=== Begin Enclosure ===

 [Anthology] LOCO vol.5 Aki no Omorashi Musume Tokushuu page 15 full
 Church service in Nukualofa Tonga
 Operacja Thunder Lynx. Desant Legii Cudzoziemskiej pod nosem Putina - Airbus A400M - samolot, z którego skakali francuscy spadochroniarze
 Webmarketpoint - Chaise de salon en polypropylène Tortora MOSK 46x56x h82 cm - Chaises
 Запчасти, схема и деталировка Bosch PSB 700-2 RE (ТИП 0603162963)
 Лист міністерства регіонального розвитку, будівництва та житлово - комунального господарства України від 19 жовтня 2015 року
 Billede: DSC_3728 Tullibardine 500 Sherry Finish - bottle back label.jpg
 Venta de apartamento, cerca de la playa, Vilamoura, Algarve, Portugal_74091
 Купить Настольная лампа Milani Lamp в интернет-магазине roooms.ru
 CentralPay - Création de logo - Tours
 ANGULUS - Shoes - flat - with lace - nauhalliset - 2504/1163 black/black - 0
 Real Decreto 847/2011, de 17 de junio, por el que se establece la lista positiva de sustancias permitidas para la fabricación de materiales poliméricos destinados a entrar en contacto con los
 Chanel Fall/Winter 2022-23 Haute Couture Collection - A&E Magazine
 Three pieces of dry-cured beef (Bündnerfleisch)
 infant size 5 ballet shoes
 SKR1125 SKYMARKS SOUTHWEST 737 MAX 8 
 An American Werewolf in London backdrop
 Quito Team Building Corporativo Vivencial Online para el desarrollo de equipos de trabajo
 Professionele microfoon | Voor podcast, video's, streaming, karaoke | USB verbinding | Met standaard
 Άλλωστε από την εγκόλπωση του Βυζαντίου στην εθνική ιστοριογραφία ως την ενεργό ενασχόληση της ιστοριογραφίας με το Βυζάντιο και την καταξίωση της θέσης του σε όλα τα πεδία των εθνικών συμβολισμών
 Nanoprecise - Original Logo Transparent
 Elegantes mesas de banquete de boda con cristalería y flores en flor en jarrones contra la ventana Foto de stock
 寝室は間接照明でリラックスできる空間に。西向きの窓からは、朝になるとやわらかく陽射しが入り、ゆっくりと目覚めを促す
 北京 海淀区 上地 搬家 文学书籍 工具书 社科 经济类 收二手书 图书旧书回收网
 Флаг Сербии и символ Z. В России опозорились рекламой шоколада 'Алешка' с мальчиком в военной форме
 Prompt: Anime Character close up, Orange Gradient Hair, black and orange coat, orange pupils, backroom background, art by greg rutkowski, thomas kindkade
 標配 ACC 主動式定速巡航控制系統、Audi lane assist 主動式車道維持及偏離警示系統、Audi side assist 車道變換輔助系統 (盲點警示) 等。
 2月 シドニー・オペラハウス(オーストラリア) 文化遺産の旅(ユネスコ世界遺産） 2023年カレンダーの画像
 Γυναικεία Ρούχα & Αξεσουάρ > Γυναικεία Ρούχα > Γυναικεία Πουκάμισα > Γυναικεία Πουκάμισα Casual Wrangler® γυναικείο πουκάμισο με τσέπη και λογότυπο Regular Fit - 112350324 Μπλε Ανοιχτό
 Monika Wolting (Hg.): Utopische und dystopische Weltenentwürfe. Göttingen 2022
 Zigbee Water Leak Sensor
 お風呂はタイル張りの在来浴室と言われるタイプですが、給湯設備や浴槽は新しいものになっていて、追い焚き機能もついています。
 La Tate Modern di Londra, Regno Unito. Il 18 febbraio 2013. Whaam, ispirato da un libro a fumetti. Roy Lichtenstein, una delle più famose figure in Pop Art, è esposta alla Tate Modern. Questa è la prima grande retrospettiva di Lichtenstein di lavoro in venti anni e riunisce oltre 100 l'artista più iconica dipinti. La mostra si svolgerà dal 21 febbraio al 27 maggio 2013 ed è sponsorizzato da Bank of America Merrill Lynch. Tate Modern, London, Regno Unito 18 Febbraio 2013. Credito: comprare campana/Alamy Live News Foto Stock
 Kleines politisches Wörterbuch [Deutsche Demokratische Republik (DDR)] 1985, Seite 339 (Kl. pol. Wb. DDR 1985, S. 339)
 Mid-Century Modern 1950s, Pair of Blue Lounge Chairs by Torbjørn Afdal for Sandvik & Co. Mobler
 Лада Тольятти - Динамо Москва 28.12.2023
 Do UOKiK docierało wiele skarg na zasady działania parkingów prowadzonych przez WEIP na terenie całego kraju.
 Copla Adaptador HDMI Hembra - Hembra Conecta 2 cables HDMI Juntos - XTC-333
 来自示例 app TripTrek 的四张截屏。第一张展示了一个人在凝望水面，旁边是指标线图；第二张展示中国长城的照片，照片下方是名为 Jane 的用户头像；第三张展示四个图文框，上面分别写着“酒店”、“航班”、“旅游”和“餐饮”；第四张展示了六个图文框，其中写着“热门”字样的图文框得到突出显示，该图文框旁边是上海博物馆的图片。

=== End Enclosure ===

HOW TO COMPLETE THIS TASK
Up to and including the line with "Quito Team Building", repeat the data exactly, starting from its first line; nothing else belongs in the response.

ANSWER SPACE
 [Anthology] LOCO vol.5 Aki no Omorashi Musume Tokushuu page 15 full
 Church service in Nukualofa Tonga
 Operacja Thunder Lynx. Desant Legii Cudzoziemskiej pod nosem Putina - Airbus A400M - samolot, z którego skakali francuscy spadochroniarze
 Webmarketpoint - Chaise de salon en polypropylène Tortora MOSK 46x56x h82 cm - Chaises
 Запчасти, схема и деталировка Bosch PSB 700-2 RE (ТИП 0603162963)
 Лист міністерства регіонального розвитку, будівництва та житлово - комунального господарства України від 19 жовтня 2015 року
 Billede: DSC_3728 Tullibardine 500 Sherry Finish - bottle back label.jpg
 Venta de apartamento, cerca de la playa, Vilamoura, Algarve, Portugal_74091
 Купить Настольная лампа Milani Lamp в интернет-магазине roooms.ru
 CentralPay - Création de logo - Tours
 ANGULUS - Shoes - flat - with lace - nauhalliset - 2504/1163 black/black - 0
 Real Decreto 847/2011, de 17 de junio, por el que se establece la lista positiva de sustancias permitidas para la fabricación de materiales poliméricos destinados a entrar en contacto con los
 Chanel Fall/Winter 2022-23 Haute Couture Collection - A&E Magazine
 Three pieces of dry-cured beef (Bündnerfleisch)
 infant size 5 ballet shoes
 SKR1125 SKYMARKS SOUTHWEST 737 MAX 8 
 An American Werewolf in London backdrop
 Quito Team Building Corporativo Vivencial Online para el desarrollo de equipos de trabajo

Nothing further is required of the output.